Factors | Factor 1 Structure | Factor 2 Process | Factor 3 Outcome |
Variables | |||
A1 | 0.763 | -0.005 | -0.038 |
A2 | 0.864 | -0.199 | -0.129 |
A3 | 0.578 | 0.097 | 0.006 |
A4 | 0.568 | -0.001 | 0.149 |
A5 | 0.574 | 0.093 | 0.097 |
A6 | 0.699 | 0.039 | -0.014 |
B1 | 0.153 | 0.421 | -0.096 |
B2 | 0.286 | 0.290 | -0.029 |
B3 | 0.093 | 0.269 | 0.035 |
B4 | -0.068 | 0.895 | -0.016 |
B5 | 0.019 | 0.833 | -0.028 |
B6 | -0.050 | 0.810 | 0.045 |
C1 | 0.344 | 0.035 | 0.485 |
C2 | 0.108 | 0.077 | 0.768 |
C3 | -0.018 | -0.076 | 0.997 |
C4 | -0.029 | 0.084 | 0.715 |
C5 | 0.438 | 0.176 | 0.149 |
C6 | 0.422 | 0.138 | 0.060 |
Significant factor loadings (>0.300) in boldface. The promax rotated pattern matrix is displayed. See Appendix A for questions A1-C6.
The confirmatory factor analysis (CFA)
The first CFA with 14 variables showed that the structure variable A2 did not reflect structure as expected: the explained variance was only 27%.

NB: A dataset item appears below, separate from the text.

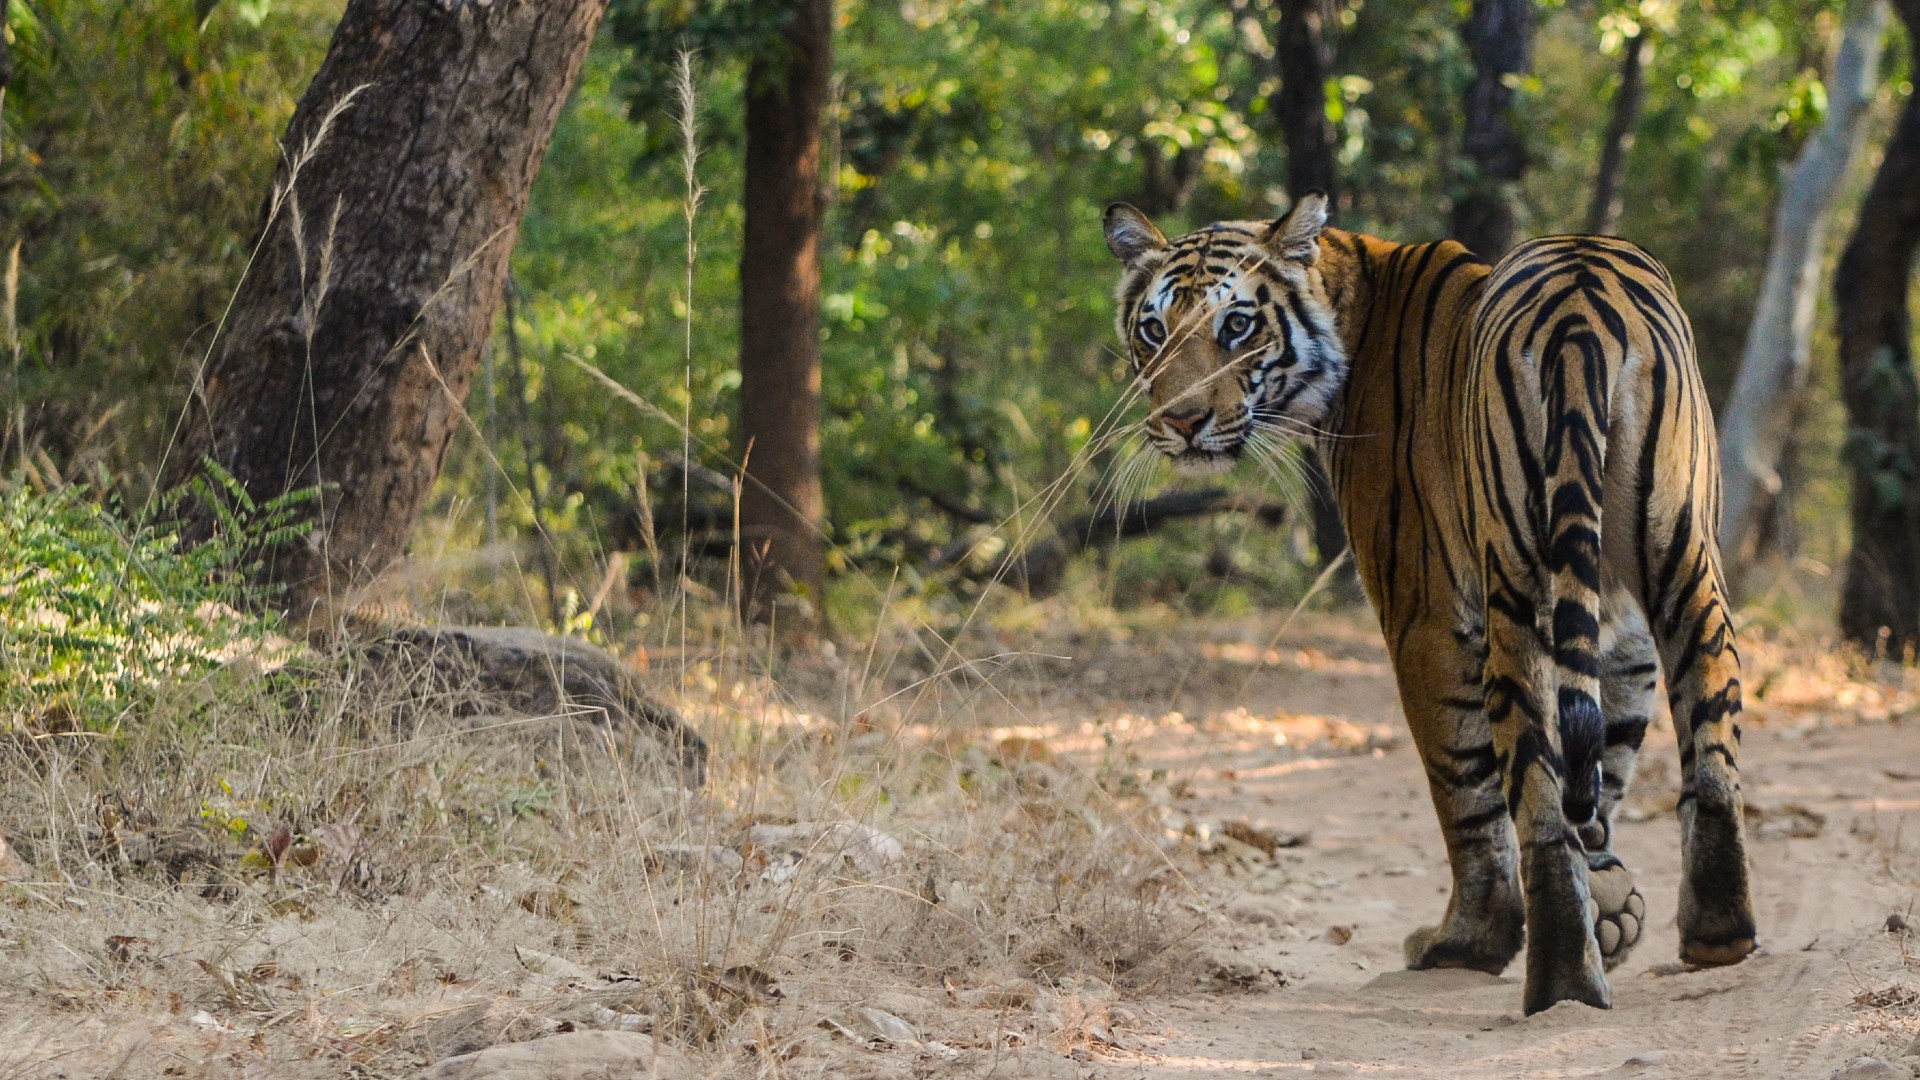 A wild tiger walking on a forest pathway

The second CFA with 13 variables (A2 excluded), showed that all variables adequately reflected their factors (p < 0.01) and that correlations between factors were significantly less than one (95% confidence interval), thus indicating good construct validity (Table 3). The second CFA was a significantly better model than the first CFA (χ2 difference (11) = 30.3, p = 0.001).
Table 3.
Factor | Variable | Loading | Standard error |
Structure | A1 | 0.88** | 0.060 |
A3 | 0.78** | 0.065 | |
A4 | 0.98** | 0.079 | |
A5 | 1.19** | 0.071 | |
A6 | 1.06** | 0.070 | |
Process | B1 | 0.59** | 0.069 |
B4 | 1.14** | 0.063 | |
B5 | 1.21** | 0.057 | |
B6 | 1.04** | 0.065 | |
Outcome | C1 | 1.12** | 0.065 |
C2 | 1.38** | 0.066 | |
C3 | 1.17** | 0.083 | |
C4 | 0.96** | 0.078 |
**p < 0.01
95% Confidence intervals for bivariate factor correlations:
Structure – Process: 0.66–0.80
Structure – Outcome: 0.67–0.83
Process – Outcome: 0.54–0.74
Reliability was 0.8 or higher for all factors, which is excellent. Extracted variance was good for process (0.52) and outcome (0.58) but mediocre for structure (0.43).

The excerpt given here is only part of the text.